Память его никогда не удерживала слова и образы, он помнил только движения. Отец… он знал его походку, затейливую кривую, которую при каждом шаге описывала его правая штанина с такой быстротой, что, когда отец утром проходил мимо лавки Греца, направляясь в кафе «Кронер», чтобы там позавтракать, темно-синяя подшивка брюк мелькала всего лишь на секунду. Мать… он помнил замысловатый и смиренный жест, каким она складывала руки на груди, перед тем как изречь очередную избитую истину: «Сколько зла в мире» или «Как мало чистых душ на свете»; руки матери, казалось, выписывали эти слова в воздухе, прежде чем она произносила их вслух. Отто… он слышал его четкие шаги, когда тот проходил по коридору и спускался на улицу: «враг, враг» – башмаки Отто выстукивали это слово на каменных плитах лестницы, хотя много лет назад они выстукивали совсем другое слово: «брат, брат». Бабушка… он вспоминал движение, которое она делала целых семьдесят лет, он и теперь видел его много раз на дню, так как его повторяла Рут; это извечное движение, передавшееся по наследству, каждый раз пугало Фемеля; его дочь Рут никогда не видела своей прабабушки, откуда у нее этот жест? Ничего не подозревая, она откидывала волосы со лба так же, как ее прабабушка.
Он видел и себя самого – как он нагибался над грудой бит для игры в лапту, чтобы найти свою; вспоминал, как он перекатывал мяч в левой руке до тех пор, пока мяч наконец не ложился удобно, чтобы в решающий момент его можно было подбросить вверх на точно рассчитанную высоту; мяч падал вниз ровно столько времени, сколько надо было, чтобы и второй рукой схватить деревянную биту, размахнуться и изо всех сил ударить по мячу; тогда мяч залетал далеко за черту.
Он помнил себя на лужайке, на берегу реки, в парке, в саду, помнил, как он стоит, наклоняется, а потом, выпрямившись, ударяет по мячу. Все зависело от расчета; это дурачье и не подозревало, что время падения мяча можно вычислить, что с помощью того же секундомера можно определить, сколько секунд требуется, чтобы перехватить биту обеими руками, и что все остальное – лишь вопрос координации движений и тренировки; каждый день под вечер он тренировался на лужайке, в парке, в саду; они не подозревали, что существуют формулы, которые можно применить к удару, и весы, на которых можно взвешивать мячи.
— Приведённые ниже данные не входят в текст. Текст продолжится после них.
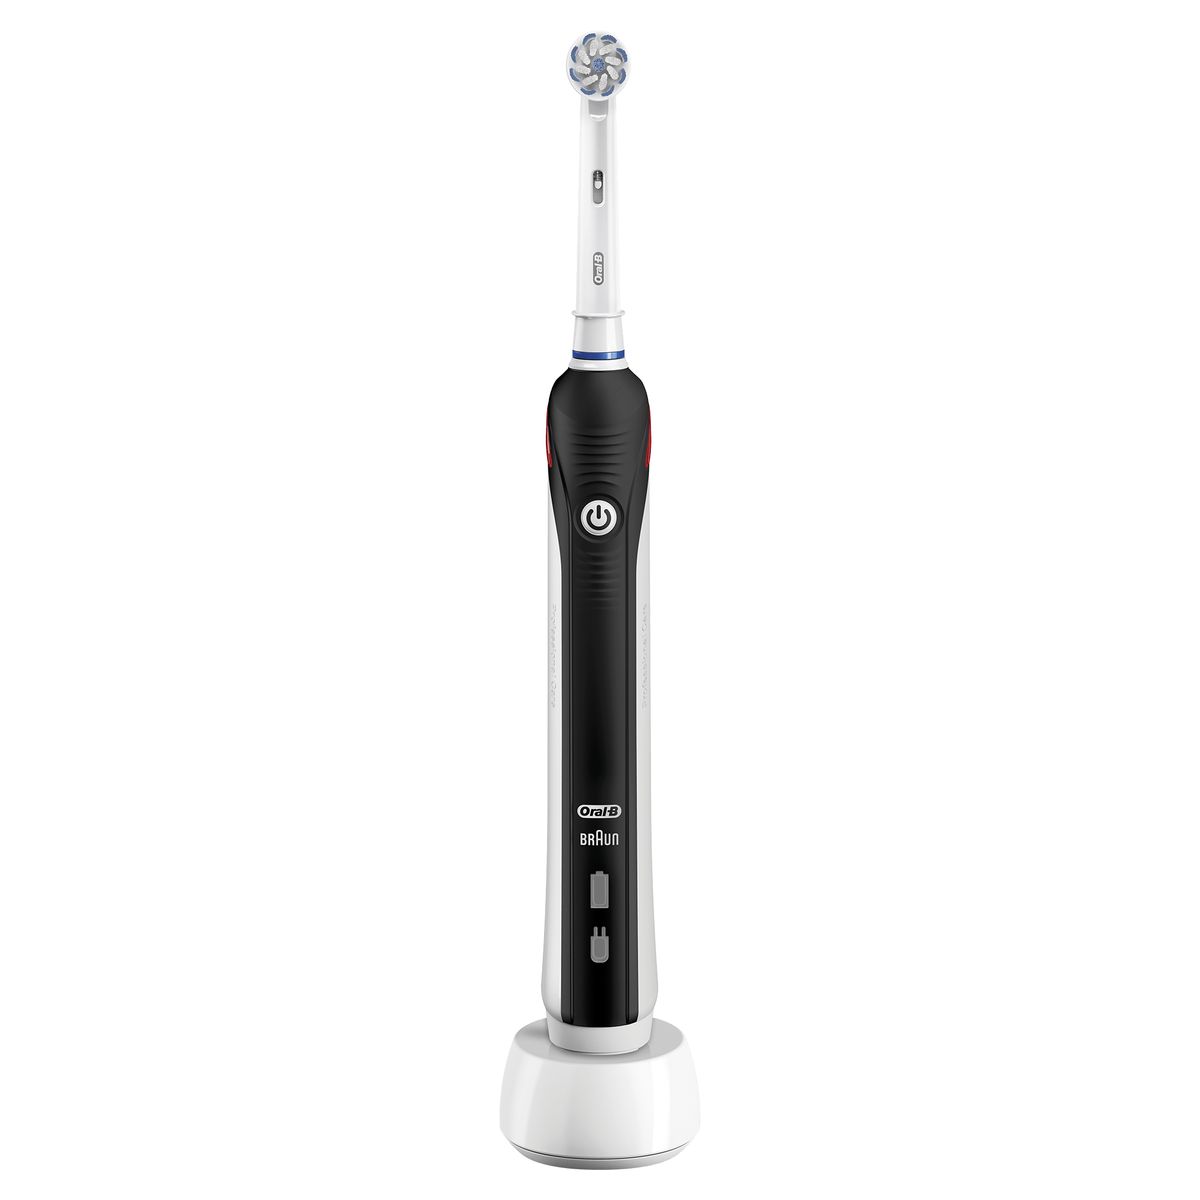 Oral-B PRO 2 2500 Electric toothbrush, with visual pressure control for extra gum protection and free travel case, black Single

Для этого требовалось всего лишь минимальное знание физики и математики, а также тренировка, но они презирали науки, от которых все зависело, презирали и тренировку; они предпочитали жульничество во всем. Они проделывали разные трюки с растяжимыми и к тому же лживыми сентенциями и читали всякую дрянь, в то время как Гёльдерлин был для них китайской грамотой; даже такое простое слово, как «лот», теряло в их устах всякий смысл, а ведь лот – это воплощение ясности: веревка и кусок свинца; его бросают в воду и, почувствовав, что свинец достиг дна, вытаскивают наверх; лотом измеряют глубину воды; но когда они говорили «измерить лотом», это только раздражало; они не умели ни играть в лапту, ни читать Гёльдерлина: «И, сострадая, сердце Всевышнего твердым останется».
Они толпились возле него, чтобы помешать ему ударить, и кричали: «Давай, Фемель, бей, давай!» – а другая группа игроков в это время беспокойно металась на том конце поля, двое были уже далеко за чертой, где обычно падали мячи, мячи Роберта, которых все боялись; большей частью они падали на шоссе, где как раз тогда, в эту субботу, летом 1935 года, взмыленные гнедые лошади выезжали из ворот пивоварни; позади тянулась железнодорожная насыпь, маневровый паровозик выбрасывал в небо невинно-белые барашки дыма; направо у моста, ведущего к верфи, шипели газосварочные аппараты – рабочие в сверхурочные часы сваривали пароход «Сила через радость», – вспыхивали голубовато-серебристые искры, и клепальные молотки отбивали такт; на крошечных огородных участках новехонькие пугала тщетно угрожали воробьям; бледные пенсионеры с потухшими трубками томились в ожидании первого числа, когда им давали пенсию; воспоминание о движениях, которые Роберт тогда делал, – только оно одно пробудило в его памяти картины, слова и краски; и эта фраза «Давай, Фемель, давай!» всплыла в его сознании, когда он вспомнил свои движения. Вот мяч уже там, где ему полагалось лежать, Роберт только слегка удерживал его пальцами и мякотью ладони; сопротивление, которое придется преодолеть мячу, будет наименьшим, он уже держит свою биту, самую длинную из всех (ведь никого не интересовали законы рычагов), биту, обмотанную сверху лейкопластырем. Фемель бросил быстрый взгляд на ручные часы; до завершающего свистка учителя гимнастики оставалось всего три минуты и тридцать секунд, а Фемель так и не решил для себя вопрос, почему команда чужой гимназии, Принца Отто, не возражала против назначения их учителя гимнастики судьей в финальной игре. Учителя звали Бернхард Вакера, но школьники прозвали его Бен Уэкс; это был довольно тучный меланхолик, говорили, что он питает к мальчикам платоническую любовь; Вакера обожал пирожные со сбитыми сливками и слащавые сентиментальные фильмы, в которых сильные белокурые юноши переплывали реки, а потом лежали на полянах, держа во рту травинку, и глядели в голубое небо, жаждая приключений; этот Бен Уэкс больше всего любил копию головы Антиноя, которая стояла у него дома среди фикусов и полок, забитых руководствами по гимнастике; он ласкал эту голову, делая вид, будто стирает с нее пыль; Бен Уэкс называл своих любимцев «мальчишечками», а остальных «сорванцами».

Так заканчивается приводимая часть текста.